Keine Verweisung auf “Partnerwerkstätten”

Im Rahmen des sog. aktiven Schadensmanagements versuchen einige Versicherungen, den Geschädigten vorzuschreiben, in welcher Höhe sie Schadensersatz erhalten und wer ihr Fahrzeug reparieren soll. Hierbei wird meistens das sog. “Porsche-Urteil” (BGH vom 29.04.2003 – VI ZR 398/02) bemüht. Nach diesem BGH-Urteil sollte es eigentlich ausdiskutiert sein, dass der Geschädigte insbesondere die Stundenverrechnungssätze einer markengebundenen Fachwerkstatt erstattet verlangen kann. Unter Zitat dieser Entscheidung wird den Geschädigten gleichwohl die Entschädigung gemäß Sachverständigengutachten verwehrt, weil der BGH angeblich gerade nicht ausgeführt habe, dass die Stundenverrechnungssätze einer markengebundenen Fachwerkstatt zu ersetzen seien (das ist falsch, in der BGH-Entscheidung ist mehrfach von einer Porsche-Werkstatt als Maßstab die Rede) und außerdem, dass der BGH eine Einschränkung gemacht habe. Der Geschädigte müsse sich auf eine für ihn günstigere und angemessene Möglichkeit der Reparatur verweisen lassen. Seitdem wird versucht, den Geschädigten auf sog. “Partnerwerkstätten” zu verweisen, die mit weit niedrigeren Stundenverrechnungssätzen kalkulieren. Es werden dann in aller Regel nicht markengebundene kleinere Werkstätten genannt, die angeblich zu diesen Preisen arbeiten. Ich führe derzeit gegen die P-Versicherung aus D. einen entsprechenden Rechtsstreit vor dem Amtsgericht Heinsberg, weil man dies dort auch nicht glauben mag. Aber auch andere Gerichte haben sich wie folgt entschieden:

  • Nach einem Urteil des AG Nürtingen vom 14. Dezember 2006 – 12 C 1392/06 – sind auch bei der fiktiven Reparaturkostenabrechnung die Stundenverrechnungssätze einer markengebundenen Fachwerkstatt zu Grunde zu legen. Das Gericht bezieht sich hierbei auf die Entscheidung des BGH vom 29.04.2003 – VI ZR 398/02. Auf andere “Fachwerkstätten”, insbesondere solche die eine Vielzahl von Aufträgen seitens der Versicherungswirtschaft erhalten, müsse sich der Geschädigte nicht verweisen lassen.
  • Eine Verweisung des Geschädigten eines Verkehrsunfalls auf eine andere Fachwerkstatt kommt nicht in Betracht, wenn die günstigeren Verrechnungssätze dieser Fachwerkstatt lediglich das Ergebnis einer besonderen Vereinbarung mit der beklagten Versicherung sind und nicht allen Werkstattkunden offen stehen (Urteil des AG Dortmund vom 28.08.2007, Az. 428 C 1261/07).

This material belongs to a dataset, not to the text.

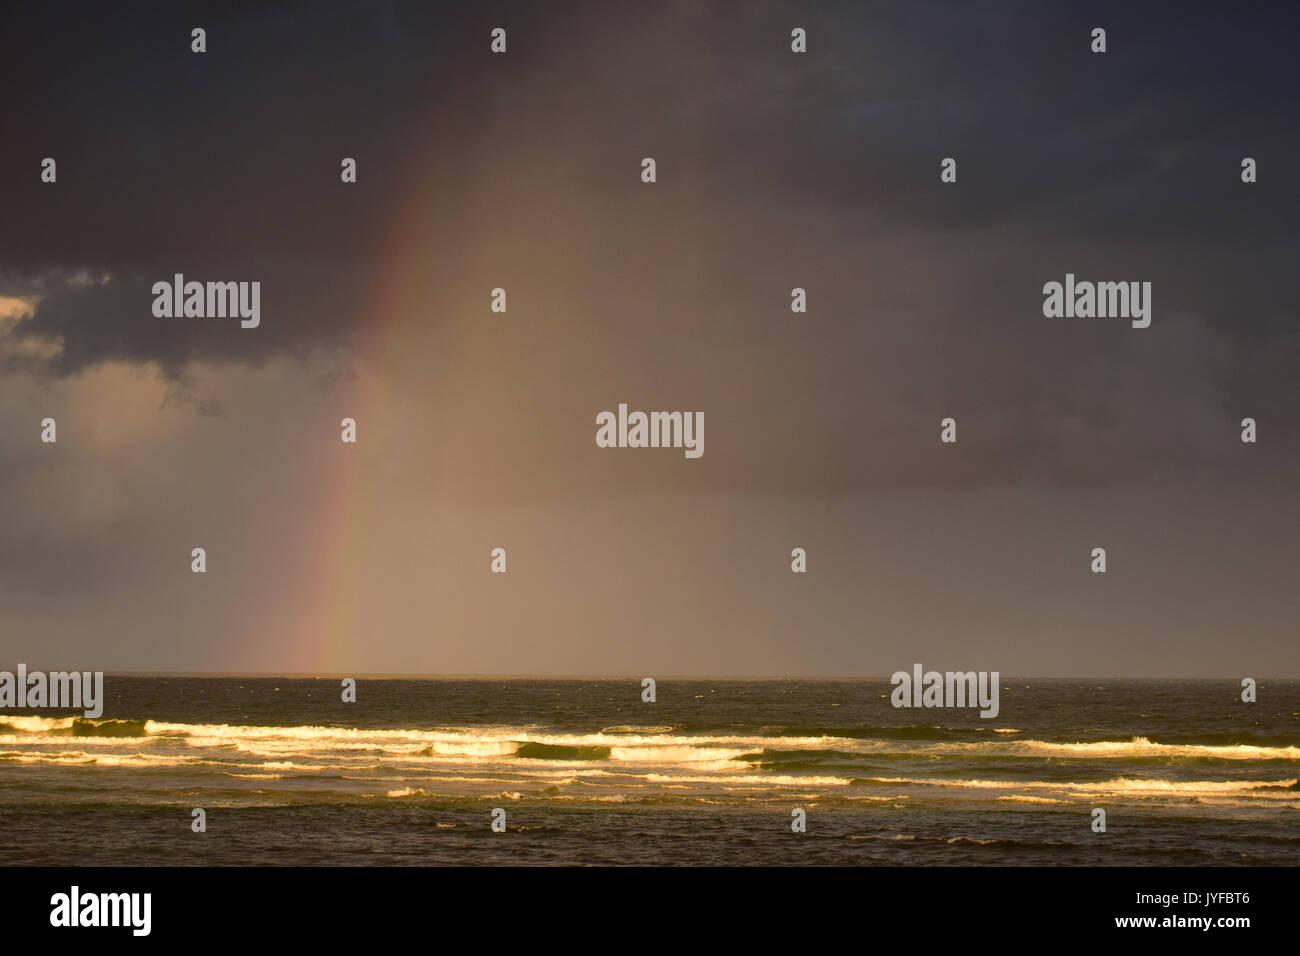 Rainbow over the Sea, Seven Mile Beach, New South Wales, Australia - Stock Image

Update vom 03.04.2008: Einer der Berufungskammern für den hiesigen Gerichtsbezirk hat sich dieser Auffassung mit deutlichen Worten angeschlossen (LG Aachen, Urteil vom 28.06.2007, Az. 6 S 55/07). Zu Recht schließt sich das LG der Auffassung des BGH an, wonach der Begriff “gleichwertig” so zu verstehen ist, dass grundsätzlich nur markengebundene Vertrags-Werkstätten als generell gleichwertig anzusehen sind.

Update vom 04.04.2008: Das AG Heilbronn, Urteil v. 12.06.2007, Az. 6 C 1476/07 (DV 1/2008, S. 18), lehnt eine Verweisung auf einer Partnerwerkstatt ab, wenn die Benennung erst 1 1/2 Monate nach Übersendung des Gutachtens erfolge. In dem entschiedenen Fall war das Fahrzeug auch schon repariert worden.

Das AG Mannheim, Urteil vom 30.11.2007, Az. 12 C 381/07 (DV 1/2008, S. 20), lässt die Verweisung nicht zu, weil hierdurch fiktive und konkrete Abrechnung vermischt würden.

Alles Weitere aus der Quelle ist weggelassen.